As before (and this argument failed last time), defense argues that the question of copyright infringement is being asked too early to be answered because defense only created Prelude to Axanar and the Vulcan scene and nothing else. Defense states:
Moreover, while the latest script for the Potential Fan
Film features 50 original characters, an original plot, dialogue, timeline, and story,
Defendants have not yet settled on the direction or style the Potential Fan Film will
take, thus making consideration of substantial similarity and fair use analyses between
Plaintiffs’ Works and any final Potential Fan Film impossible.
However, the plaintiffs don’t have to wait around to be damaged (perhaps irreparably) before seeking a ruling. Judge Klausner more or les said so already.
Substantial Similarity Argument
So the defense states:
none of Defendants’ Works are substantially similar to Plaintiffs’
Works. Plaintiffs own a limited number of Star Trek episodes and films, but they do
not own a copyright to the idea of Star Trek, or the Star Trek universe as a whole.
Defendants’ works do not borrow sufficient material from the heart of any of
Plaintiffs’ Works to be considered substantially similar to, or derivative of, any
particular episode or film owned by Plaintiffs.
Emphasis mine. So, if you are scratching your head over this one, you’re not alone. The argument sets up a straw man and it also contrasts with the defense’s previous arguments that smaller constituent elements could not be subject to copyright. Again: huh?
However, let’s consider an analogy. What is an apple? Is it the seeds, the skin, the pulp, the stem, and even a leaf on the stem? Or is it the whole? Defense has already argued that the elements of an apple aren’t an apple (even though you and I would certainly recognize them as being the parts of an apple and only an apple). Defense is now arguing that the whole shebang can’t be an apple.
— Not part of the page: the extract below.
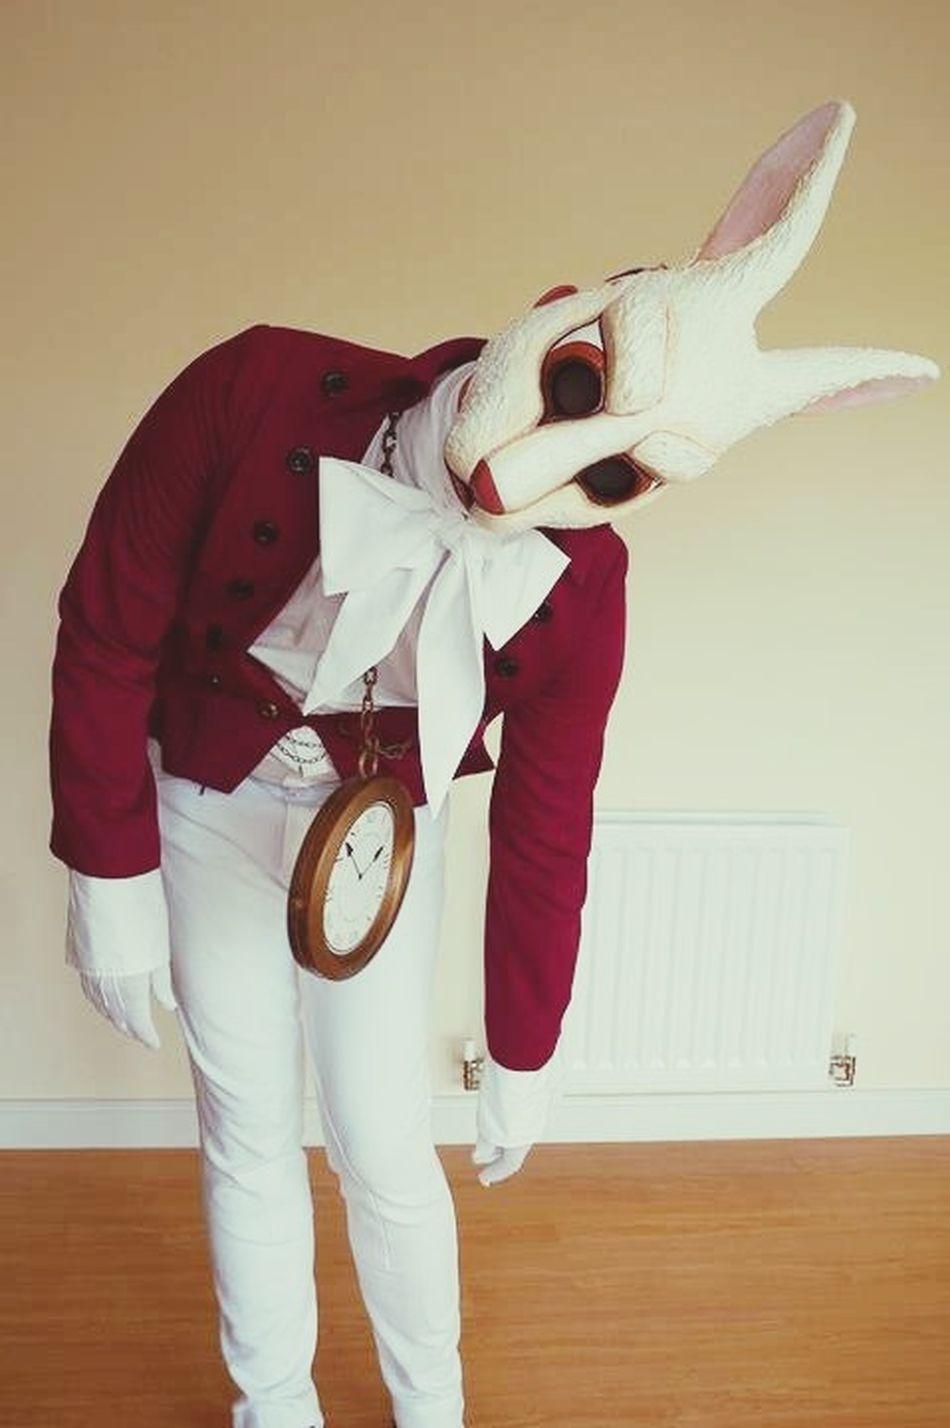 Rabbit Fancy Dress Whiterabbit Birthday Party 30thBirthday Alice In Wonderland This was for a 30th Birthday Party.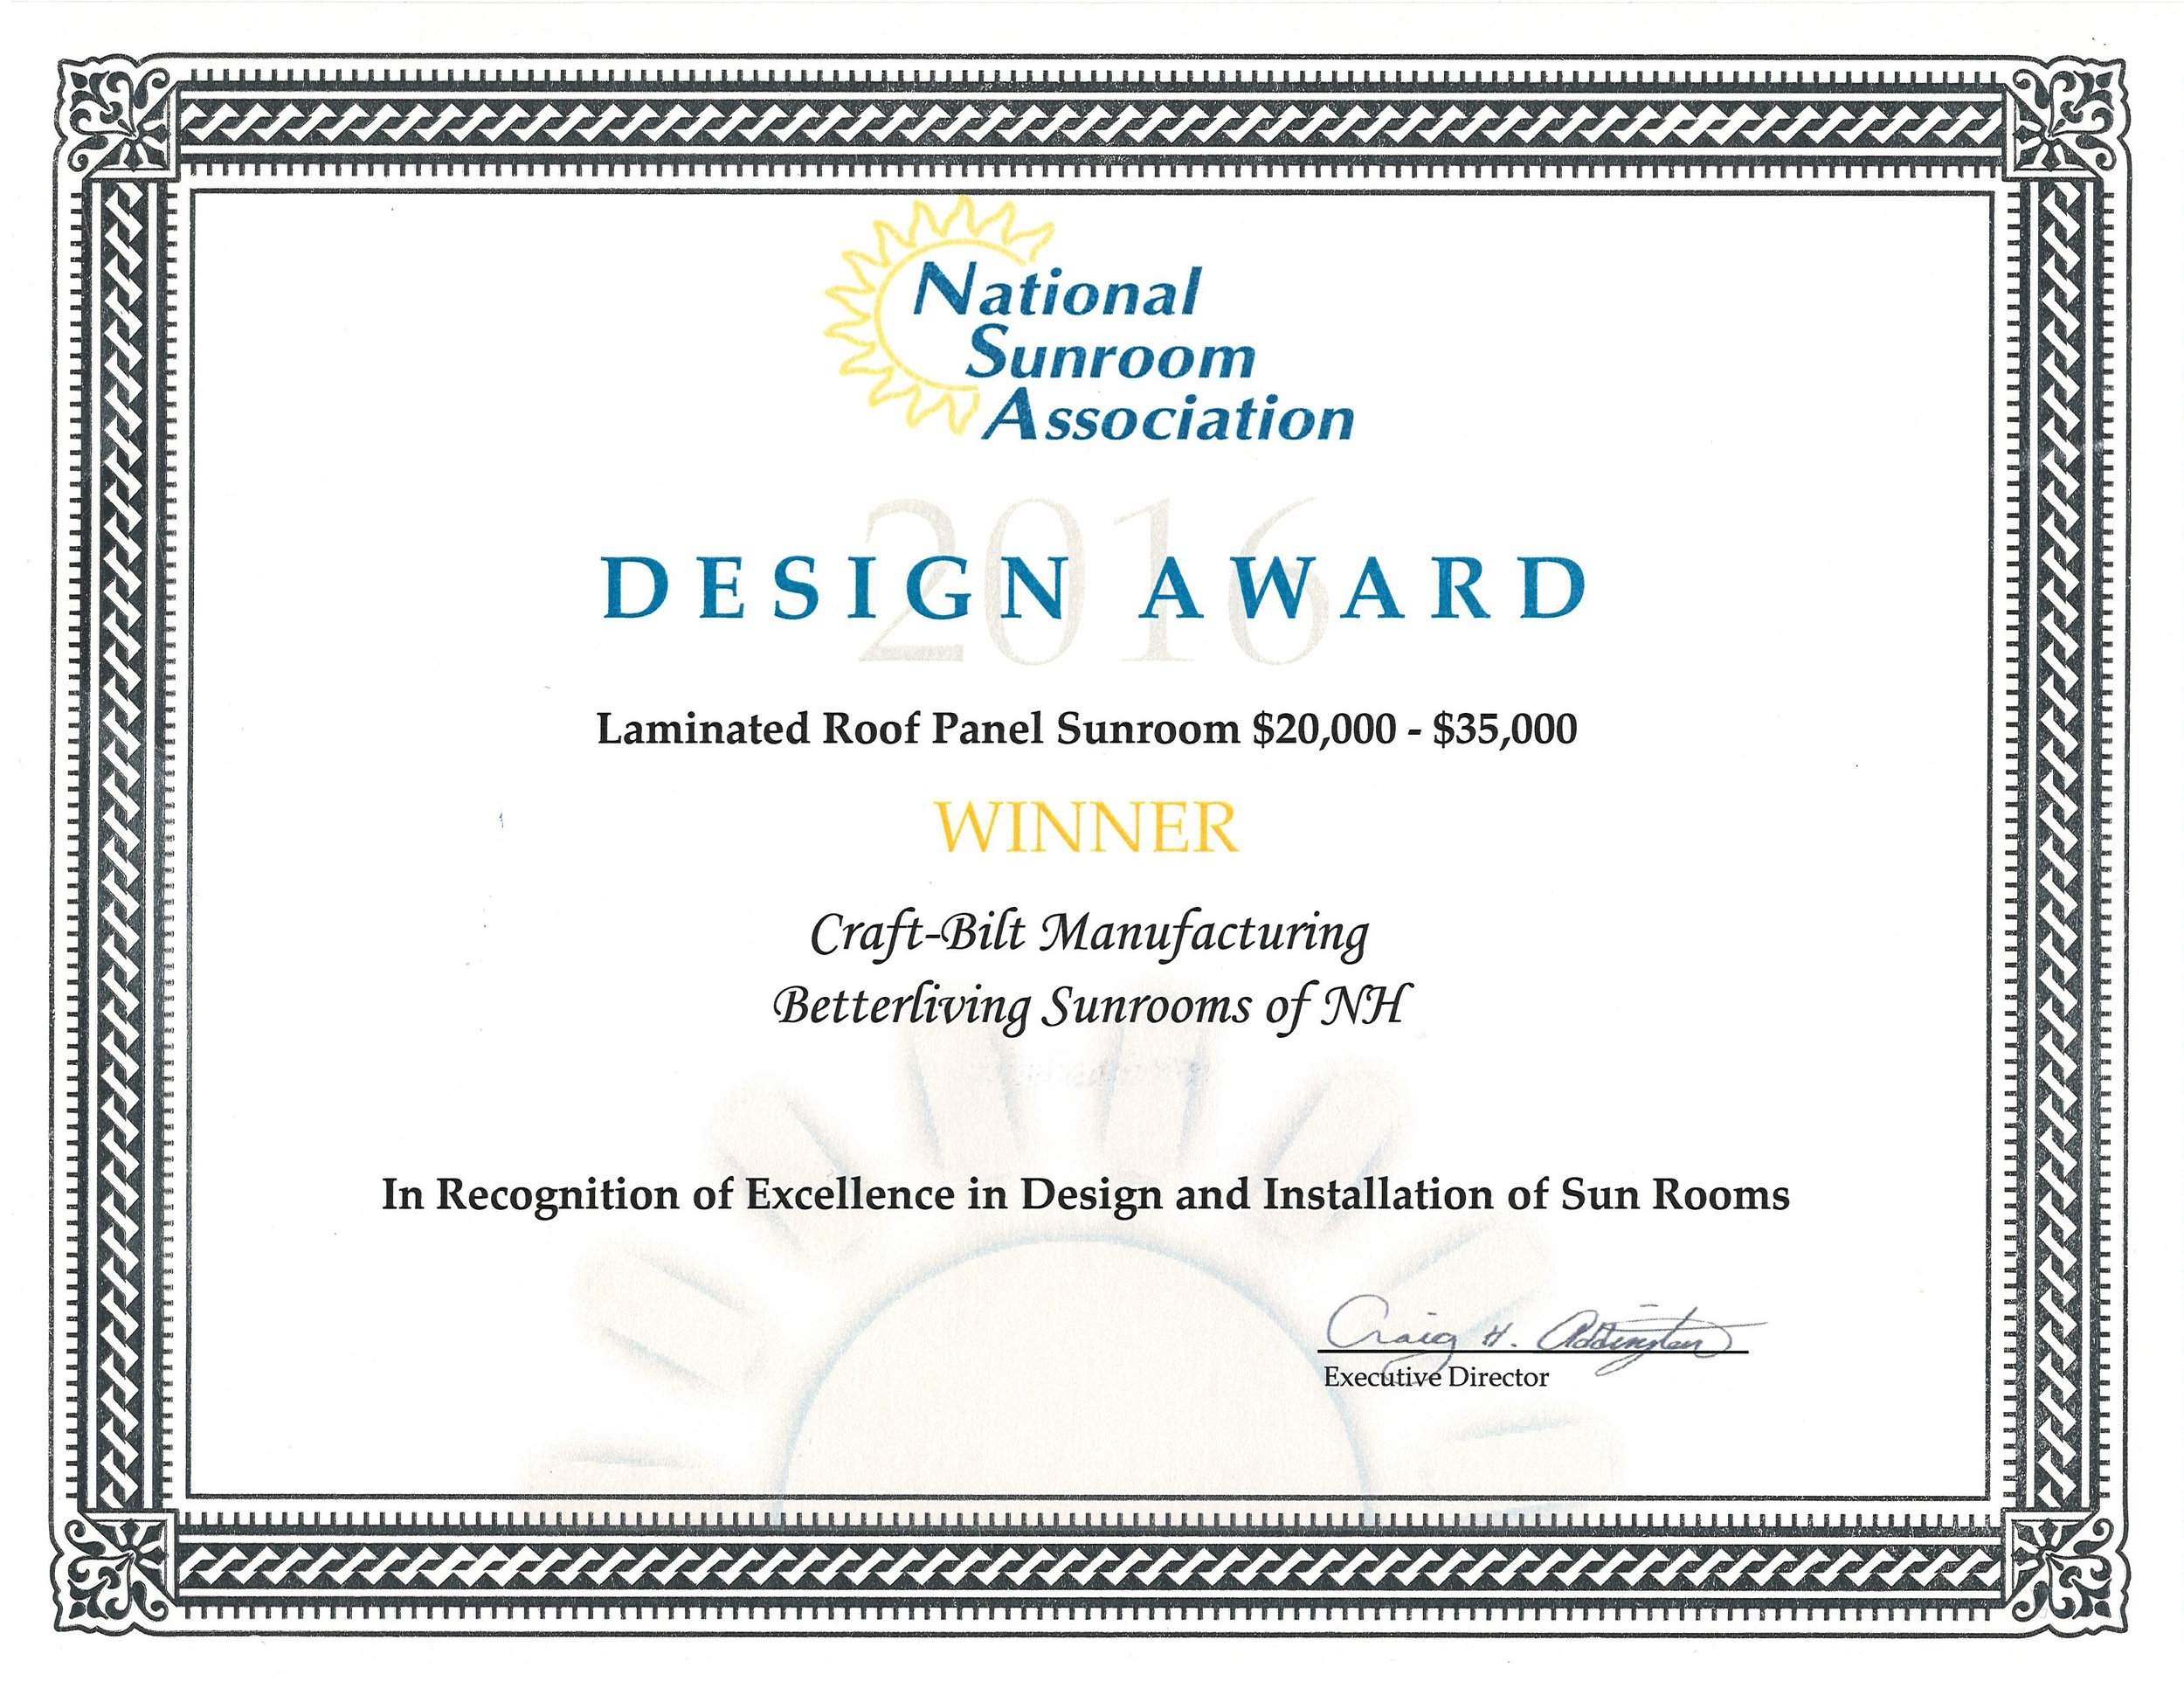 Another Sunroom Design Award

In the case of Star Trek, Klingons are Star Trek. Vulcans are Star Trek. The Enterprise is Star Trek. Benjamin Sisko is Star Trek. Malcolm Reed is Star Trek. Christine Chapel is Star Trek. Harry Kim is Star Trek. Risa is Star Trek. Nausicaa is Star Trek. And you better believe they are in a universe and that universe has a name. Two guesses on that universe’s name, and the first two don’t count.